I have just replaced my old Acer laptop with a rather nice Lenovo W520. This has plenty of memory and is able to run Hyper-V. In the past for TFS demos I had used boot from VHD to boot the Acer into Windows 2K8, as the Acer could not run Hyper-V due to lack of hardware virtualisation support in the bios. So I had a fully configured VHD boot what I wanted to move to Hyper-V.

My first though was I could just use the P2V system build into SCVMM. I ran the wizard, connected to my VHD booted Acer laptop, provide the details asked for and all looked good until the last screen when I got the error

Error (13256):
The disk with index 1 on source machine 192.168.100.30 is an attached virtual hard disk. This configuration is not supported for physical-to-virtual conversions.

image

So that was a non starter.

So I just copied the VHD to my new Hyper-V server and created a new Hyper-V VM using it. However, when I tried to boot this it said I had no boot sector. When you think about it this not unreasonable as this VHD was always booted off my laptops primary disk boot partition. The process to fix this was as follows (thanks to Rik for some help here)

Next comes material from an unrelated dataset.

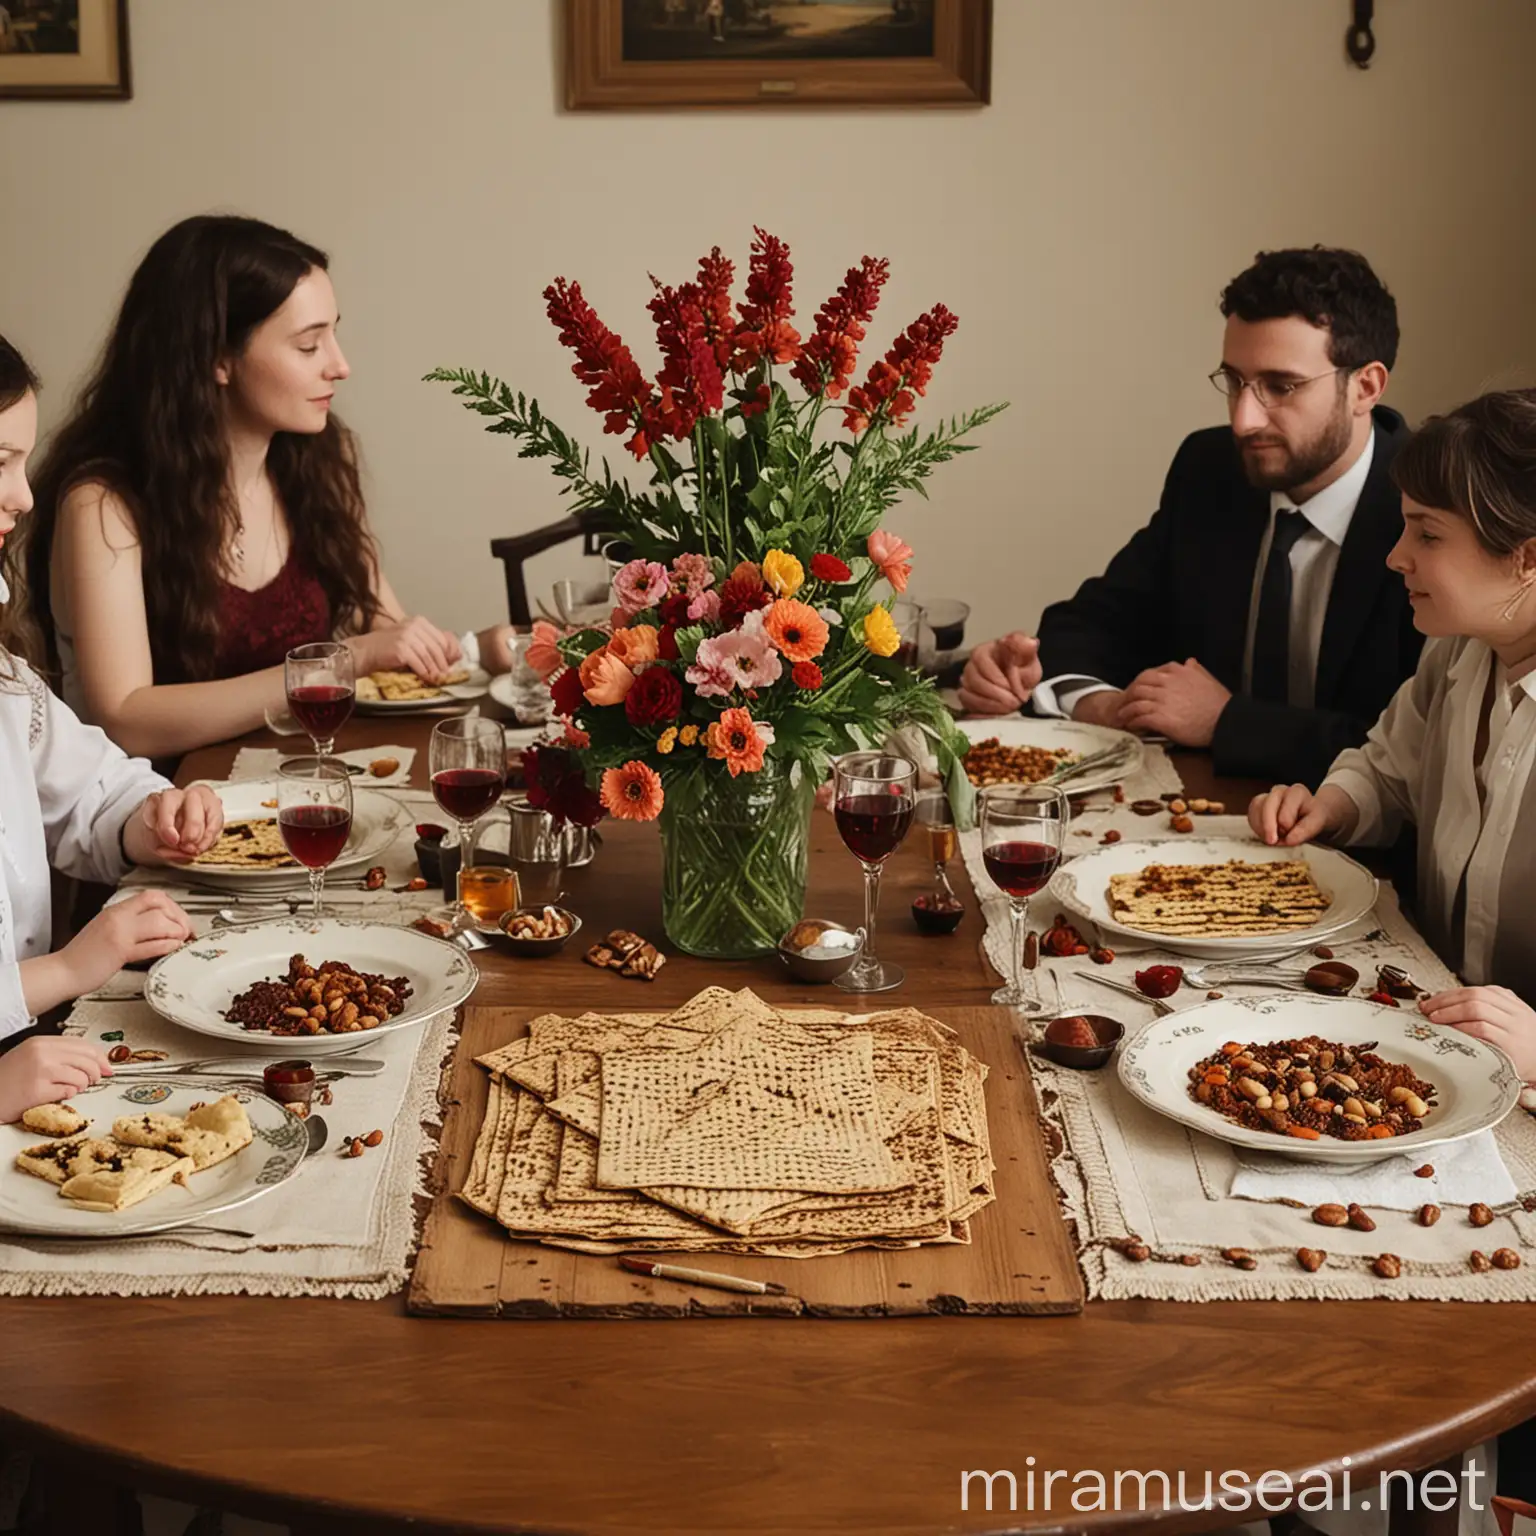 המשפחה יושבת סביב שולחן פסח. על השולחן שלוש מצות, סידורים, ארבע כוסות יין עם פרחי בקבוק יין ואגוזים.

  1. Mount the VHD directly onto my Windows 2K8 Hyper-V host via the Disk Manager in the admin tools.Don’t bother to assign a drive letter.
  2. Select the Windows 2K8 partition on the VHD and shrink it by 110Mb, this is to create space for the boot partition (I suppose you could use a VHD resizer tool, but that would be slower from my experience as this rewrites the whole VHD, the shrink is very quick)
  3. In the new gap, create a simple partition and format as NTFS with the same ‘System Reserved’
  4. Dismount the VHD
  5. Start the Hyper-V VM using the edit VHD, you will still get the no boot device error
  6. Attach a Windows 7 DVD ISO and restart the VM, it should boot into the Windows setup. On the first screen press Shift F10 to get the command prompt.
  7. You should be on drive X: and see a drive C; (your old VHD partition) and D: ( the newly created one)
  8. Run the command bcdboot c:windows /s d: to create the boot partition
  9. Load diskpart and (probably) the following commands
  • select the VHD disk – sel disk 0
  • list the partitions – list part
  • select the new partition – sel part 2
  • make it active – active
  • exit distpart
  1. As a check you can run the command bcdedit to see that it added something (this command would have returned nothing prior to bcdboot being run)

You should now be able to restart the VM and it should boot using the installed Windows 2K8 partition. As it has changed hardware it will probably want to reboot a few times as drivers are updated.